# Wondering what you think of Kiln dried pine.



## mousefan (Nov 3, 2012)

the subject said it all!


----------



## sys15 (Nov 26, 2011)

i've used a variety of wood products as bedding, including kiln dried pine shavings. i can't say i've ever had noticeable problems with any of them. however, my mice are in lab cages with wire bar lids, so they get a good bit of ventilation. and i usually don't allow them to live that long.

if you are going to use pine, just be cognizant of potential problems.


----------



## Kitsune_Gem (Oct 15, 2011)

Ive used it before no issue with the mice health wise..
How ever I did stop using it on my mice because when the males pee on it I noticed it stunk a lot worse than any paper bedding, and that was just after a few hours.


----------



## ThatCertainGlow (Jun 23, 2012)

I used it once, had the effect, for me, of very good odor control. That could have been due to the cost in relation to the aspen that was only sold at a pet store, so I used much more of it at once. It still made me sneeze, so I did stop using it.
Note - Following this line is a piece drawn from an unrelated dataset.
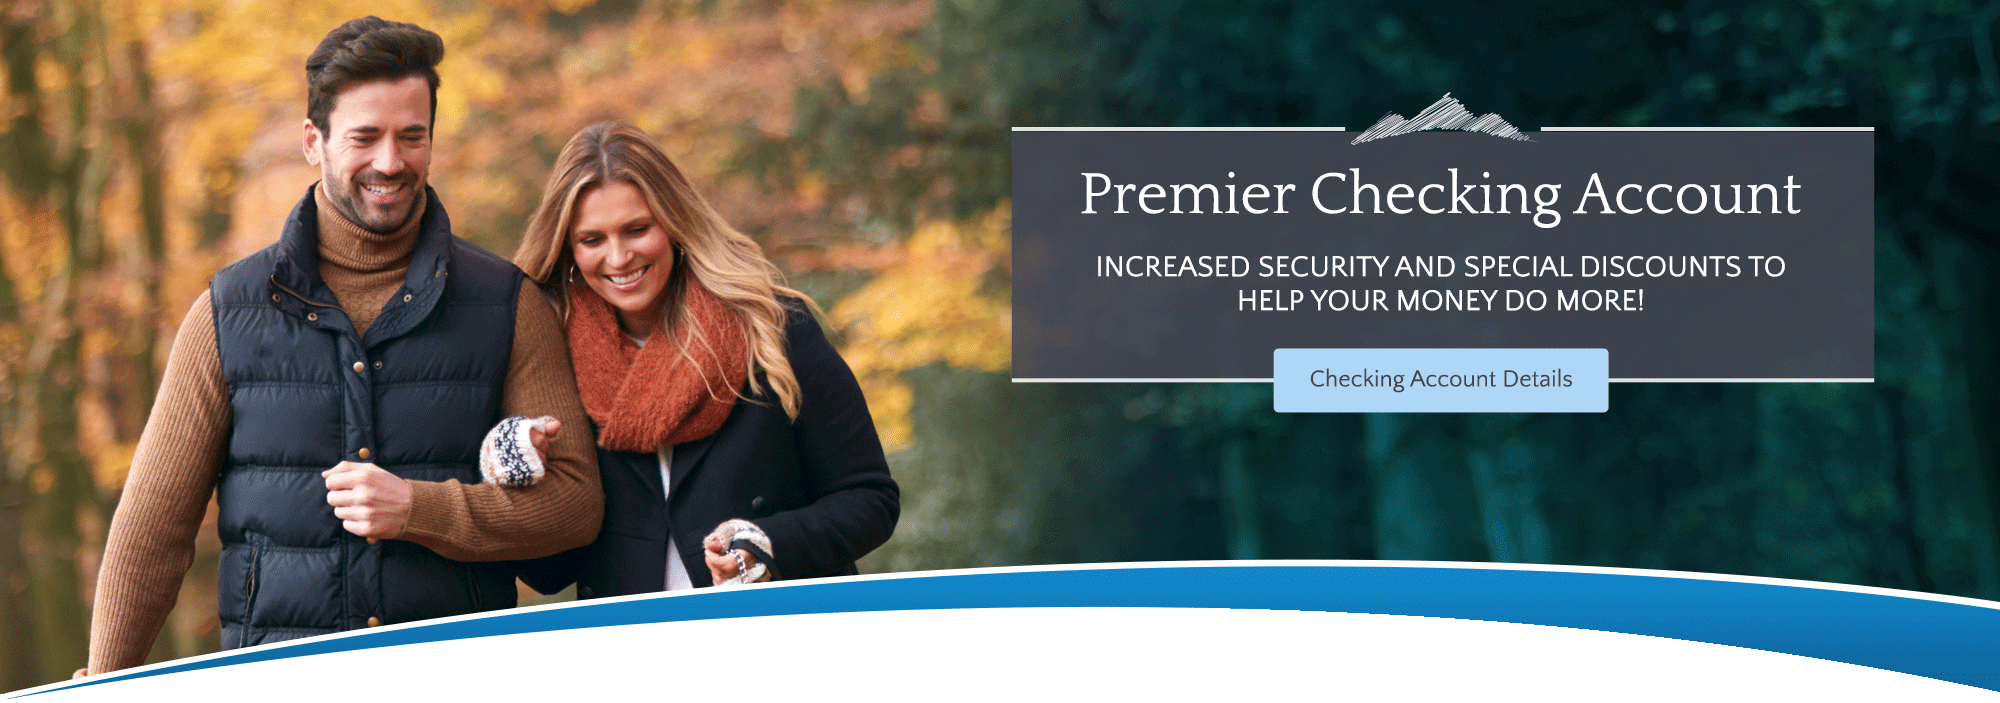 Premier Checking Account Increased security and special discounts to help your money do more! checking account details

Didn't seem to bother any of the mice at the time, though, unlike the regular pine.

-Zanne


----------



## mousefan (Nov 3, 2012)

I think I will use it for some mice (except breeders and pups).


----------



## Laigaie (Mar 7, 2011)

I'm a big fan of aspen. I used to have a lot of problems with animals on pine, and while kiln dried is supposed to be better, I try to think of it like this:

1. Mice are more sensitive than me.
2. I can still smell pine in the shavings.
3. The scent is caused by the oils.
4. The oils are the part that's bad for the mice.
5. If I can smell it, it's probably enough to damage the sensitive lungs of mice.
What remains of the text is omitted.